I knew he would carry her out. But I didn’t want to see her state. I didn’t look. Not even as Jakub put Miri in an ambulance and placed me beside her. I did not open my eyes until we came to the hospital. I saw her look away from the nurses and the patients both — though they’d seen many with her affliction, she remained ashamed of it, and her shame did not lift as she was tended to and her vitals were taken and she was given a bed. She refused to lie in that bed; she just perched on the edge and studied the curtain that divided the room, and there she remained until a nurse showed Jakub inside.
His entrance was unusually formal; he gave a little bow at the door — it was as if he thought an extreme politesse might conceal his worry, though from my perspective, it only announced an attachment to the doctor. He looked about the room as if he’d never seen the inside of a hospital before, and then he asked me to give them some privacy. I did, in a way. I ducked behind the curtain that divided the room, and there, behind its cover, I still heard everything.

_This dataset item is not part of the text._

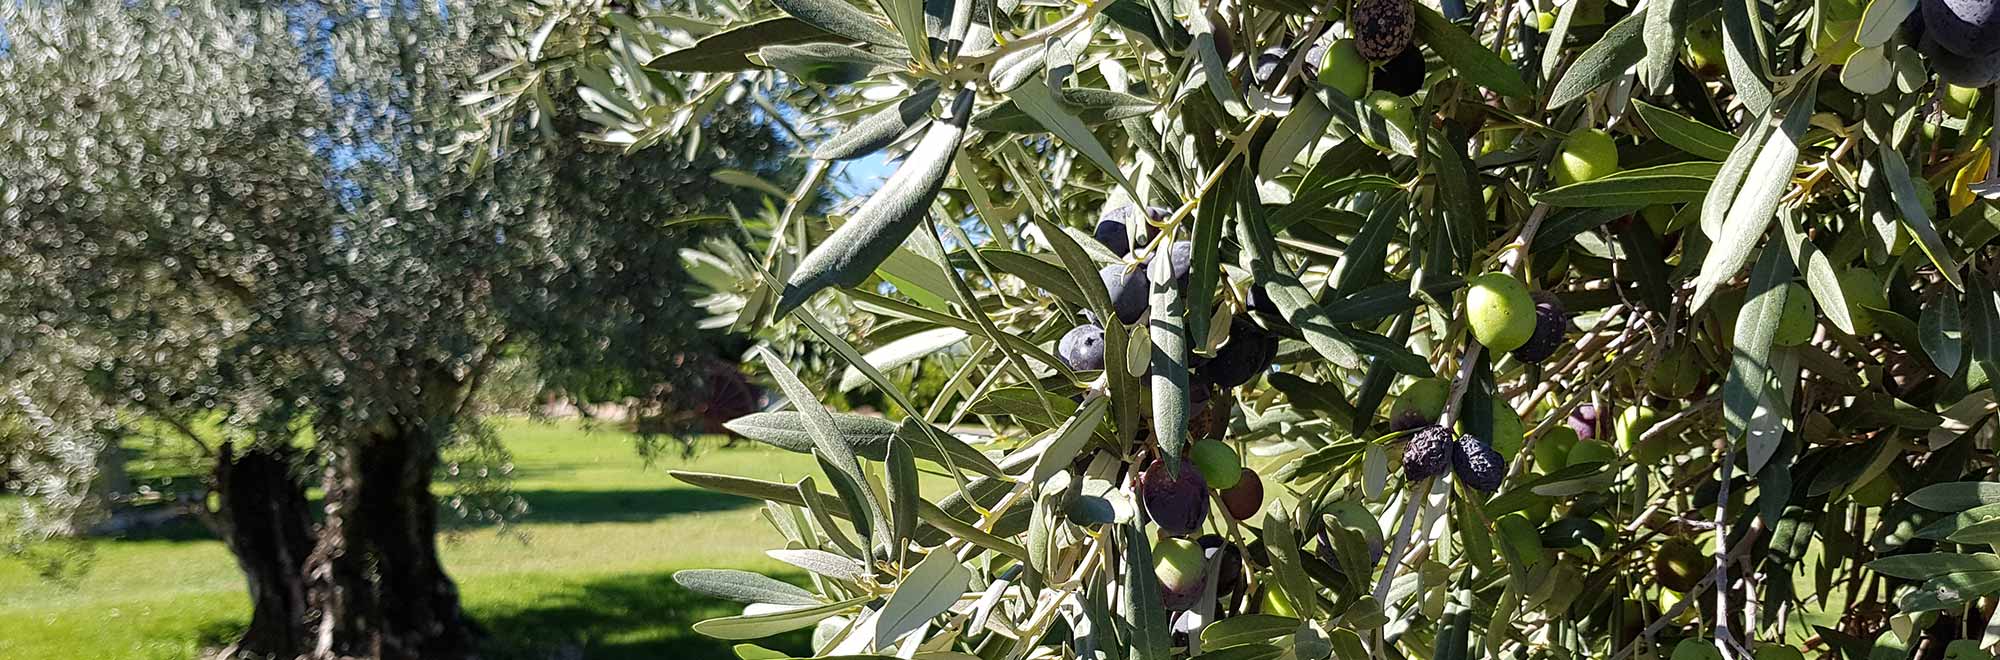 Aceite de oliva orgánico: características y beneficios

Jakub drew a chair next to the hospital bed and sat beside Miri’s hunched form. He did not sigh or speak; he didn’t even whisper. In his silence, there was a loss, a too-bright and borderless thing, a loss that understood: the survivor’s hour is different from any other; its every minute answers to a history that won’t be changed or restored or made bearable. Recognizing Jakub’s loss, Miri spoke of her own.